Are You Committing Adultery?

September 09, 2018 | Randy Smith
James 4:4-6

Are You Committing Adultery?

James 4:4–6
Sunday, September 9, 2018
>Pastor Randy Smith


 

The summer series is entitled, “Stuff You’ve Got to know.” And along these lines, I’d like to talk about a word we all are familiar with, but I am afraid not serious enough about. It is a word that is offensive to many. Many pastors don’t even mention this word in their sermons. It is not a four-letter word, but a three-letter word. Today, you’ll get a whole sermon devoted to this word. The word is sin.

Now, we know that sin is violating God’s Word – not doing the things you should and doing the things you shouldn’t. We know it’s bad. We know we are being deceived when we do it. We know it always brings consequences. And we know it brings God’s displeasure. But yet to some degree, we still continue. Why?

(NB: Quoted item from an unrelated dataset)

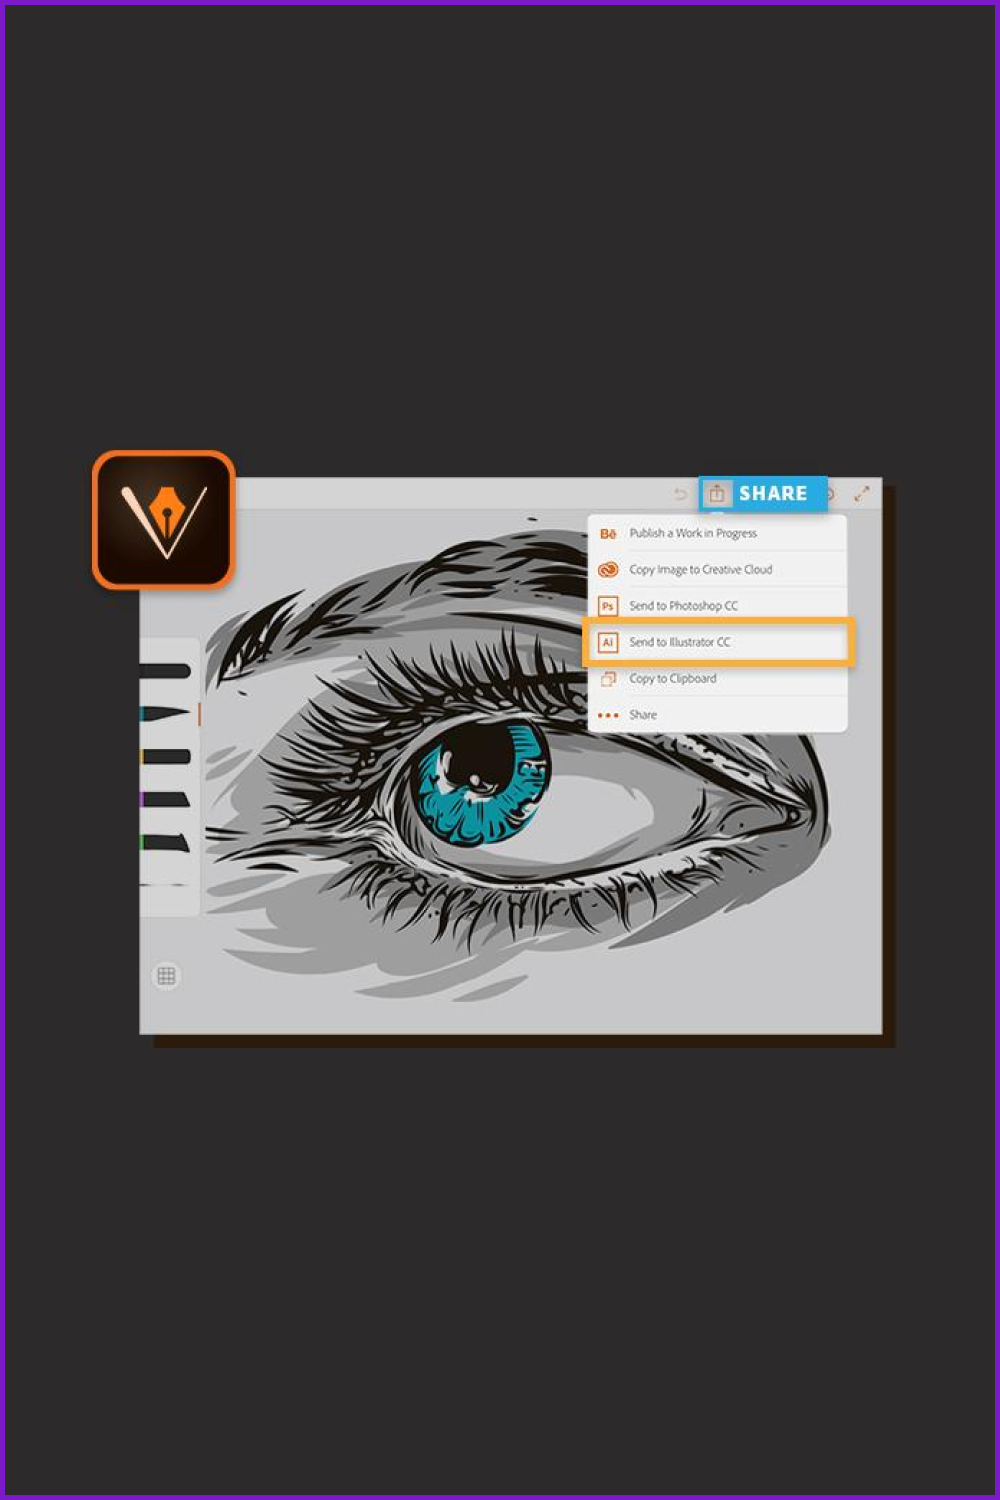 Adobe Illustrator Draw desktop with a painted eye.

Perhaps there is something you never considered. Did you know that your sin, my sin, breaks God’s heart? When we choose to sin, we always tell God that other gods will bring us greater pleasure. That the God who gives us His commands is a joke and clearly not the deepest love of our affections. God takes that seriously. God calls it adultery.

I believe we know that adultery is when a person commits sexual immorality with another individual while presently in a marriage covenant. Believers and unbelievers alike know God forbids such a practice. Most can even identify it as one of the Ten Commandments (Ex. 20:14). But in the context of James 4:4, there is nothing to indicate that the author is talking about physical adultery as we know it. So what is he getting at that brings about such pain to the heart of God?

How many of you are familiar with the Old Testament book written by the prophet Hosea? Do you know how the story goes? Hosea’s life becomes a living parable to communicate a painful lesson to Israel.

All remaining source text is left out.